If you care about accessibility, your links matter more than you think
When I write articles or posts, quite often I become reluctant about where exactly I should put the link to the source - at the end of the sentence or to the specific word (which is not possible in Linkedin) or at the end of the article... So many ways to do it, but the most important question is how that link is experienced by someone using a screen reader?
According to WCAG and multiple usability studies:
screen reader users often navigate by links only
they may not read the full sentence, just a list of links
vague links like “click here” or “this” create confusion and slow navigation
In other words: links must make sense out of context
❌ Common mistakes:
“Click here”
“Read more”
Linking random words like “showed” or “here”
Dropping a raw URL at the end with no context
Example: “The research showed significant results. Click here.”
A screen reader might announce: “Link: click here”, which is not helpful at all.
A better practice is to make the link text descriptive and meaningful.
Instead of: “The research showed significant results.”
➡️ Write: “The 2023 study on air pollution and lung health showed significant results.” (putting a source link in the phrase “2023 study on air pollution and lung health”).
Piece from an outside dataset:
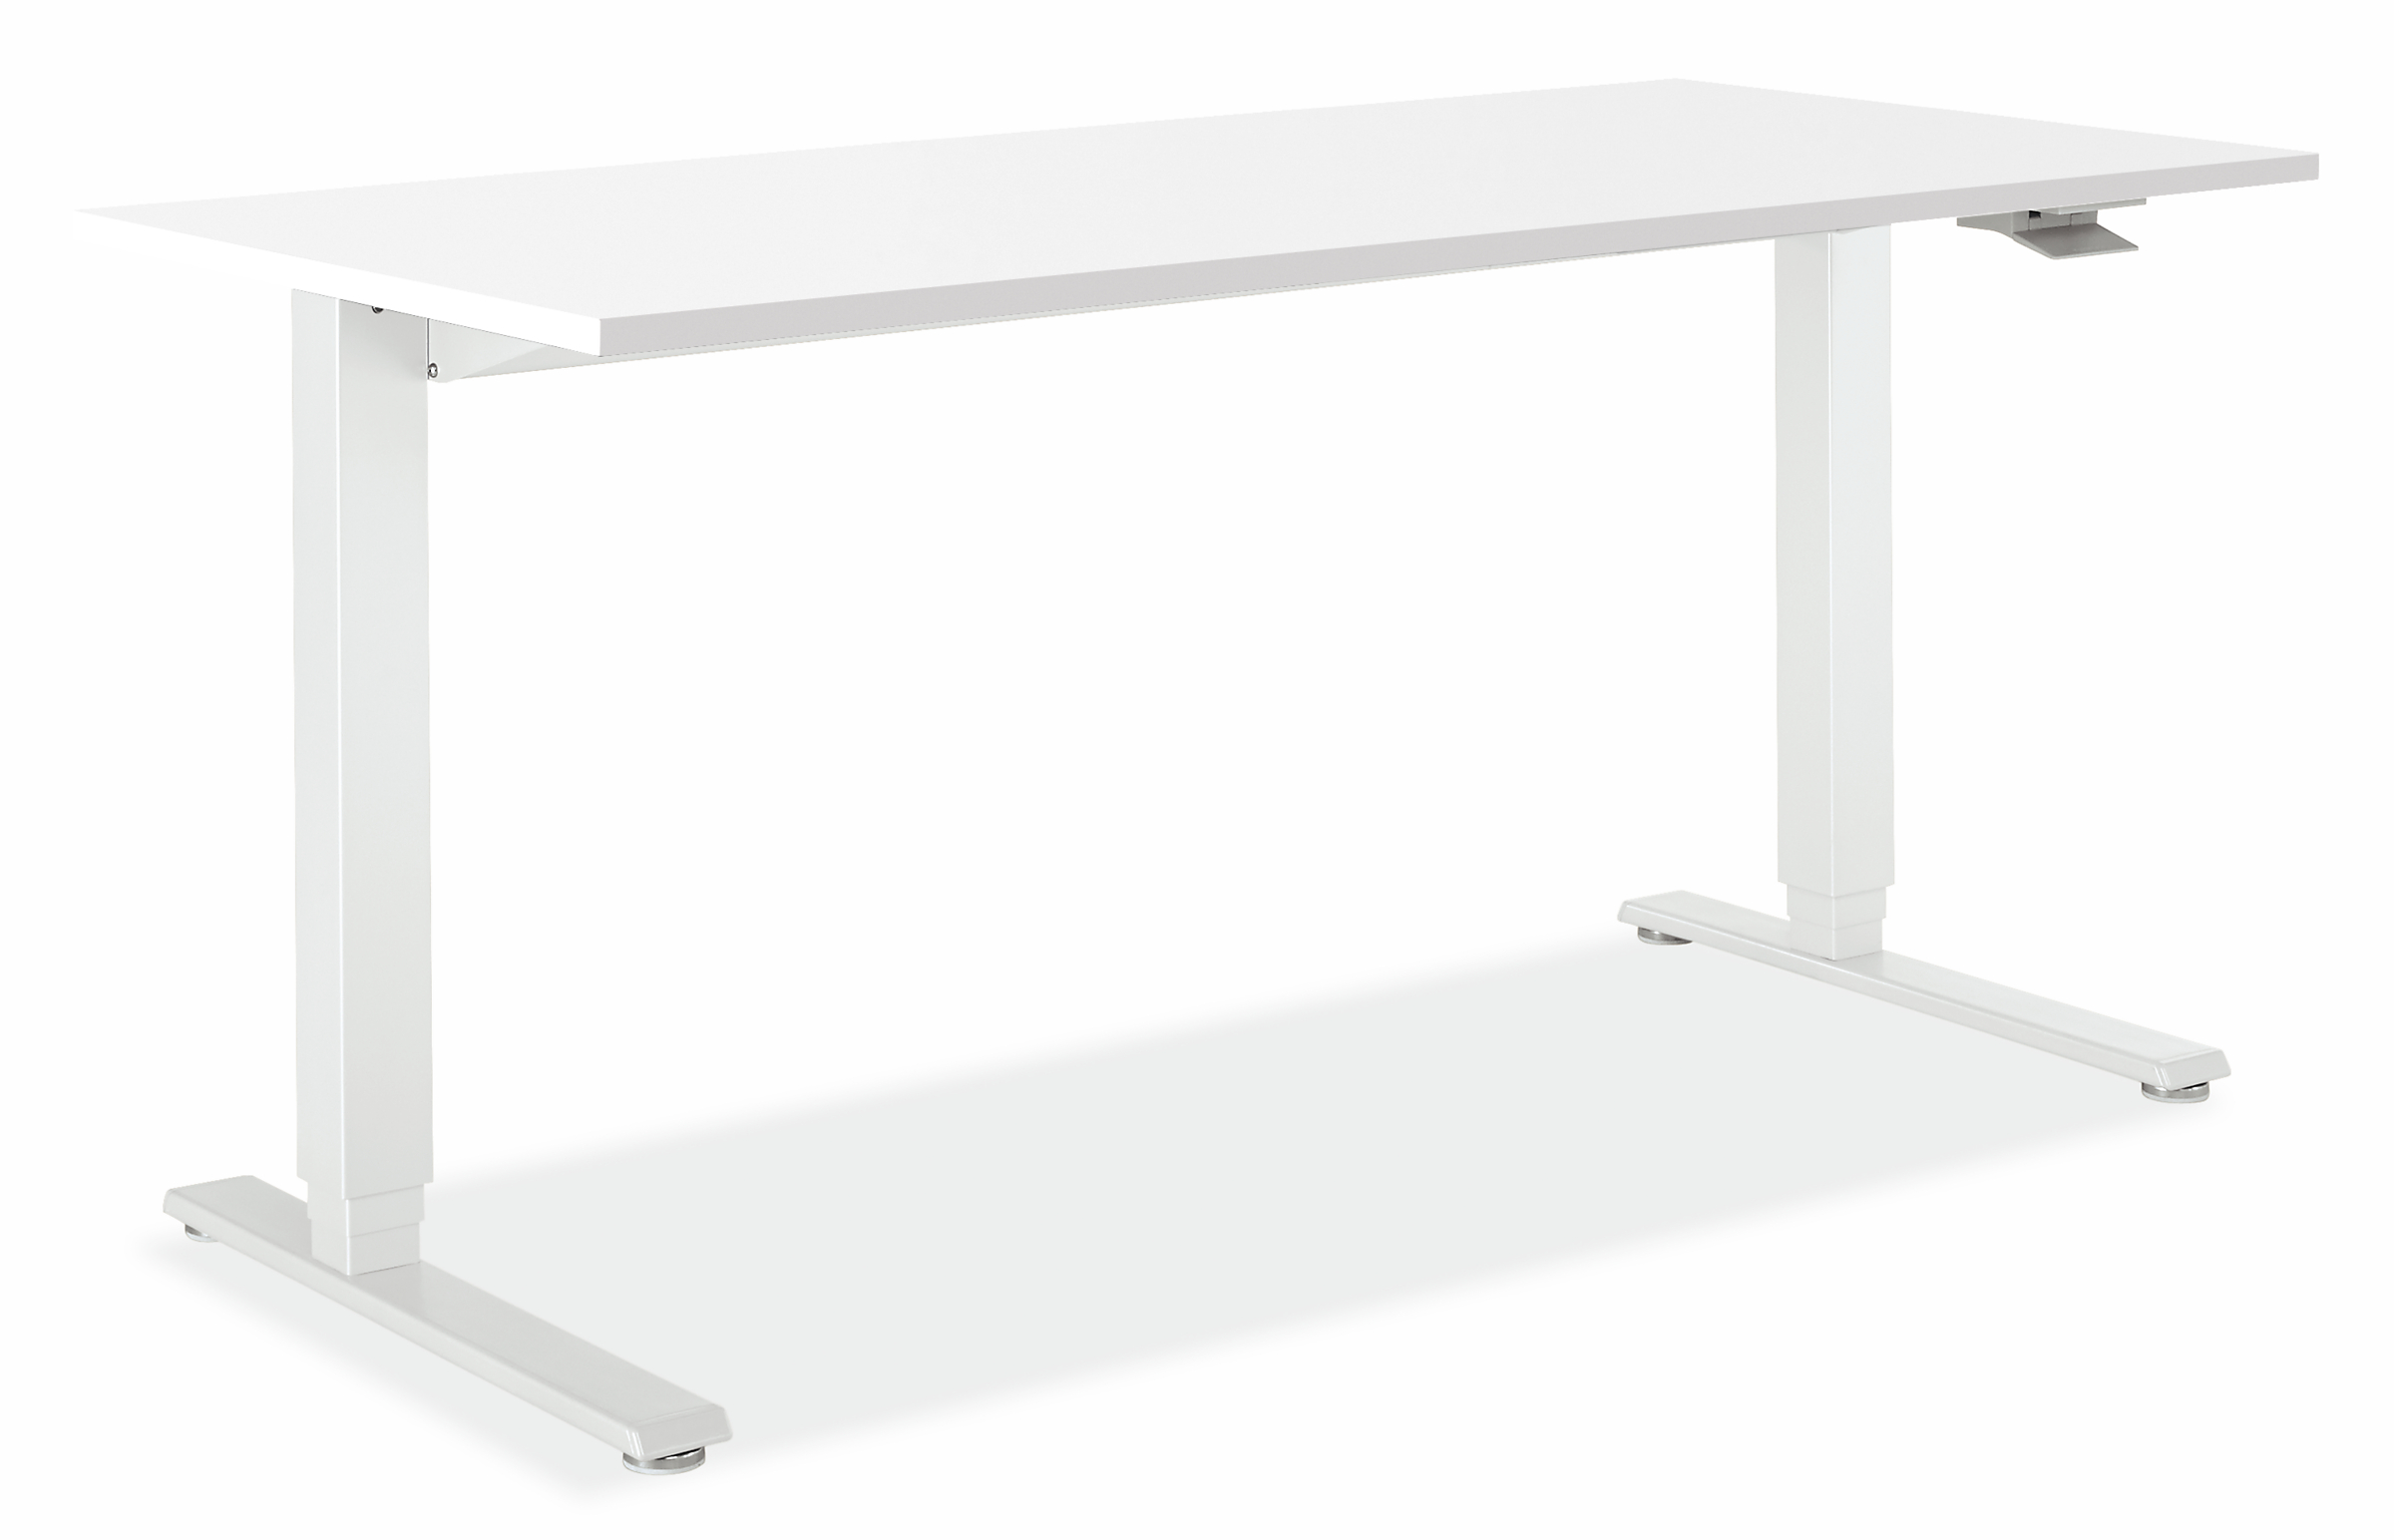 Float® 48w 30d 27-47h Adjustable Standing Desk

Now a screen reader user hears: “Link: 2023 study on air pollution and lung health”
But LinkedIn doesn’t support embedded links in posts, so using this platform we need to adapt and always give context before the link:
➡️ Solution for Linkedin: “According to a 2023 study on air pollution and lung health: https://…”
➡️ Or: “According to a 2023 study on air pollution and lung health (link in comments)”
A good link answers this question: “If I hear only this link, do I know where it leads?”
Accessibility checklist for links:
1️⃣ Link text clearly describes the destination
2️⃣ No “click here” / “read more” / “this”
3️⃣ Links make sense out of context
4️⃣ Important keywords are part of the link
5️⃣ File type is mentioned if relevant (PDF, video, etc.)
6️⃣ Links are visually distinguishable (not color-only)
7️⃣ On platforms like LinkedIn: context comes before the URL
It is important to remember that accessible links don’t just help screen reader users, they improve clarity for everyone.